Monday, June 23, 2008

But It Was A Bargain





Yesterday, I did a little spring cleaning while hunting for something in the craft area of my basement. I like getting organized, but I hate the guilt that often goes along with it. What guilt? The guilt from buying things I have never used and at this point probably never will.

Case in point, these cute blank invitations: They were really cheap at the card store’s local sidewalk sale, so how could I pass them up? At the time, it was a reasonable purchase, because my children were probably 5 and 3 years old. Now that they are 10 and 12, you can see why I feel a little guilty every time I run across these never used invites. There is absolutely no chance that either of my children would allow me to use these invitations for any party in their honor and I can’t blame them. Upon closer observations, they really were meant only for the below kindergarten age set.

While getting organized, I also ran across these great camping/western themed card shapes.

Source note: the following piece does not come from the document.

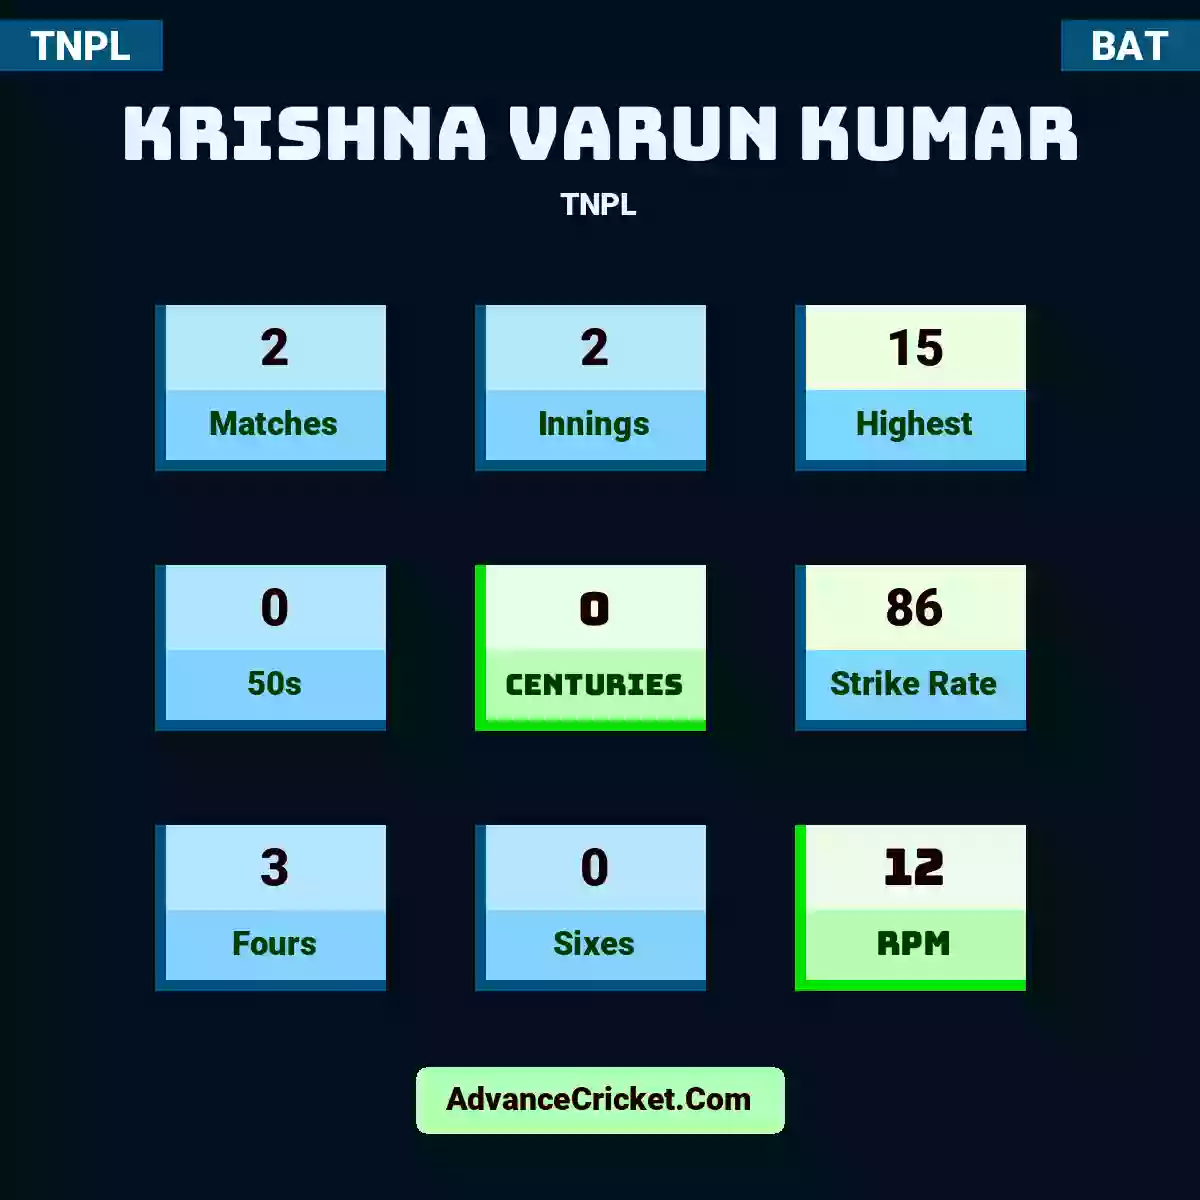 Krishna Varun Kumar TNPL , Krishna Varun Kumar played 2 matches, scored 15 runs as highest, 0 half-centuries, and 0 centuries, with a strike rate of 86. K.Kumar hit 3 fours and 0 sixes, with an RPM of 12.

I have a distant memory of buying them thinking that they would make great gift tags. However, I didn’t stop to consider that the corrugation of the paper would make it impossible to write on them. I am proud to say however, that I remember using a few of these several years ago, to adorn a make your own picture frame. Somehow I never did get around to using the rest, and after moving three times until settling in this house, I have had three opportunities to save them thinking I will use them. Now my motto, begrudgingly, must be, when in doubt, throw them out (or recycle or donate them).

I also have no less than all twelve of these cute, make your own wind chimes from a set that I must have bought inexpensively about 7 years ago, which also have never been used. Way back when I bought them, I remember thinking they would make a great craft activity for one of my daughter’s birthday parties. Well, now that she herself is 12, I am older and wiser and have learned never to have 12 hormonal girls together, under my charge for the sake of a party where my daughter will get presents she does not need. I am still recovering from the sleep over with 8 girls two years ago. Of course, my daughter was the biggest problem on that night. She never did stop to consider that the dynamics of 9 girls altogether might mean that she would not be the center of attention all of the time. The theme song could have been "It's My Party and I'll Cry If I Want To."

So I have to ask myself with these relics from my retail therapeutic past, why did I do it? Even if the invitations were only two dollars, I probably should have taken two dollars out of my wallet and set them aflame right there and then. I still would have wasted two dollars, but then I wouldn’t be racked with all of the guilt. Guilt over wasting money on the invitations, guilt over never using them when I undoubtedly had forgotten I had them and went out and bought other invitations for seven dollars, year after year, times two kids, until the children had outgrown the invitations altogether. Guilt over what to do with the darn things now. After all is said and done, it would be a shame to throw them out, even to the recycling bin. So, I must think of to whom or what organization I can donate them.


It is all so stressful. I think I will put them back and have a think about where I can donate them while avoiding all sales racks and sidewalk sales for the summer as temporary penance. Hopefully by the time I figure out who can truly use them, I will remember where I put the invites, otherwise, they would be great for my grandchildren’s parties.